Slipitsky opened his eyes at that, and rolled them thoughtfully. “Then the American did not send the word to you by Ilya?” He was puzzled—and troubled again. “And Ilya was shot? That is bad.”
“We shall have to be very cautious about it,” put in Michael, “for I am afraid of a trap.”
“Ilya got the news from Rimsky, an old cigarette-seller,” said Katerin.
“What!” exclaimed Slipitsky. “From that old liar? He will say anything for ten kopecks. What does he know about our American? Rimsky has not been here to see him. I tell you, there is something wrong about this—it may be that Rimsky is a spy.”

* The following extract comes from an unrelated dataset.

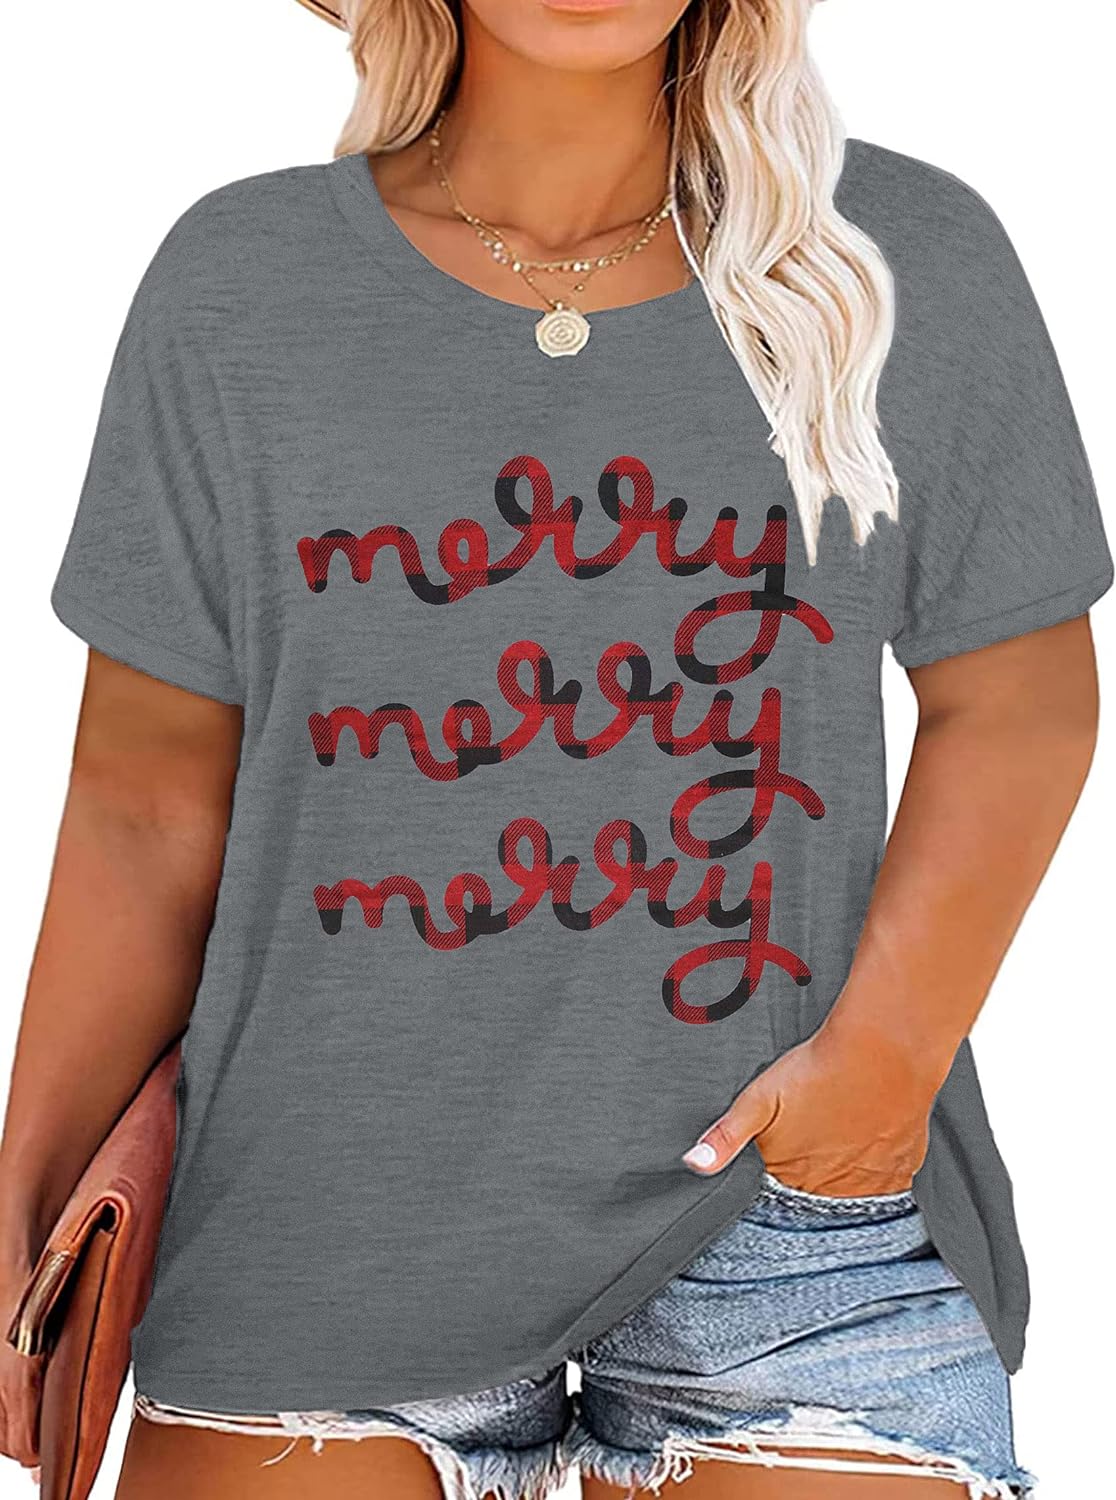 Celebrate the Festive Season with Christmas Plus Size Shirt Women Merry and Bright Tops

“Ah, yes!” said Michael, frowning thoughtfully. “What if Rimsky is a spy, as you say, and Ilya was fooled about the American’s having come for us? That is what I said from the first!”

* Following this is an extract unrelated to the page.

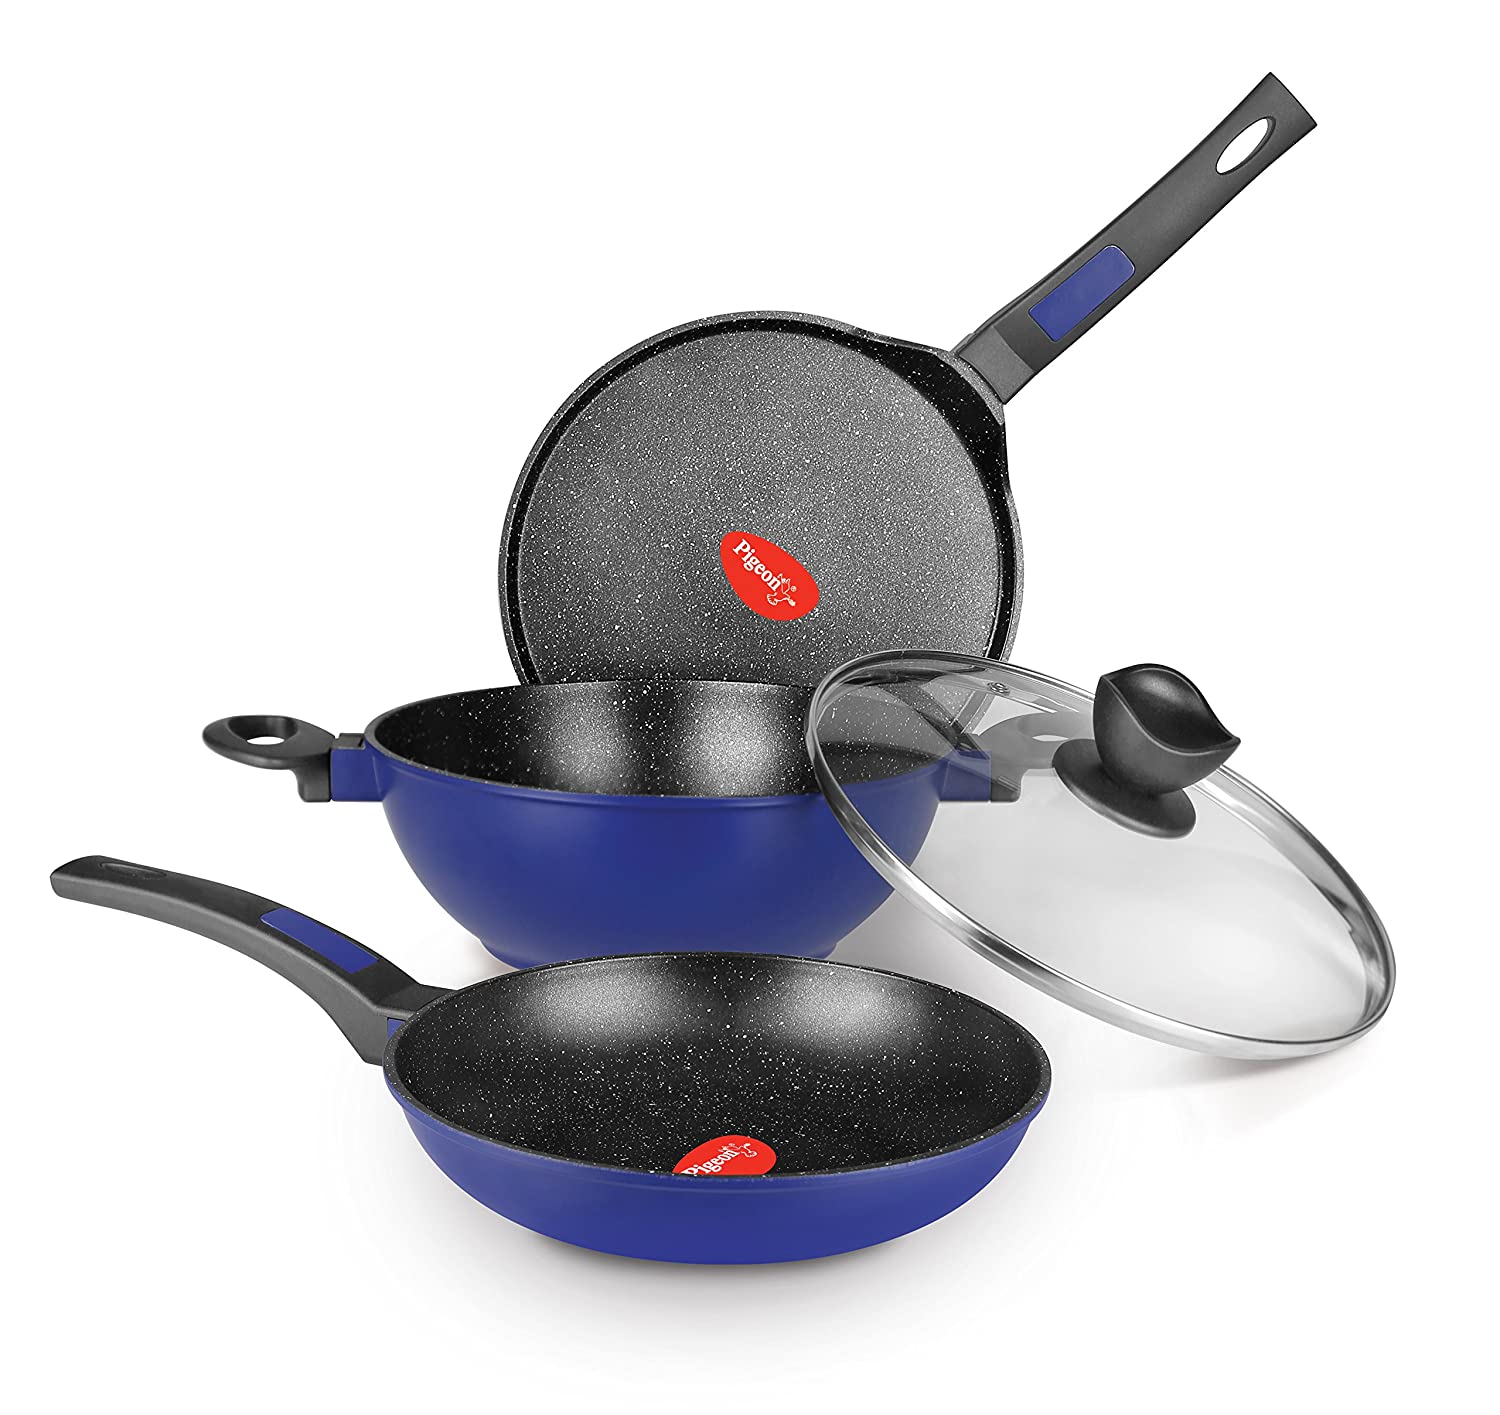 Pigeon by Stovekraft Crest Non stick Induction Base Aluminum Cookware Set (Blue and Black)

“But it may be that the American asked Rimsky about us before he came to the hotel at all,” said Katerin. “And perhaps Rimsky gave the news to poor Ilya, and perhaps the news was truth. Then would it not be right?”
“I would like to see something that is right if Rimsky has had a hand in it,” grumbled Slipitsky, who was getting more worried as he considered the matter. He was reluctant to ask too many questions, for he supposed there might be angles to the situation which the Kirsakoffs would prefer not to discuss.
But Katerin was becoming alarmed by Slipitsky’s doubts. She realized well enough that there had never been any proof beyond Ilya’s word that the American had come seeking them, and that Ilya himself had been dependent upon what Rimsky had said. But she did feel that there was protection of some kind for them in the bare fact that an American was under the same roof with them now, and that Zorogoff might not dare persecute them openly or take them from the hotel. She was determined to appeal to the American, but she wanted time to make her own plans. What she feared now was that Slipitsky, by his suspicions and doubts, would put her father back into his mood of dejection and discouragement. So she laughed gayly and served her father with tea and the cold partridge.
“I shall find some way of talking with the American,” she declared to Slipitsky. “You must help me in some plan.”
“I can go to him and tell him that I know where the Kirsakoffs may be found,” suggested the Jew. “He will tell me, I think, at once, if he seeks you or not.”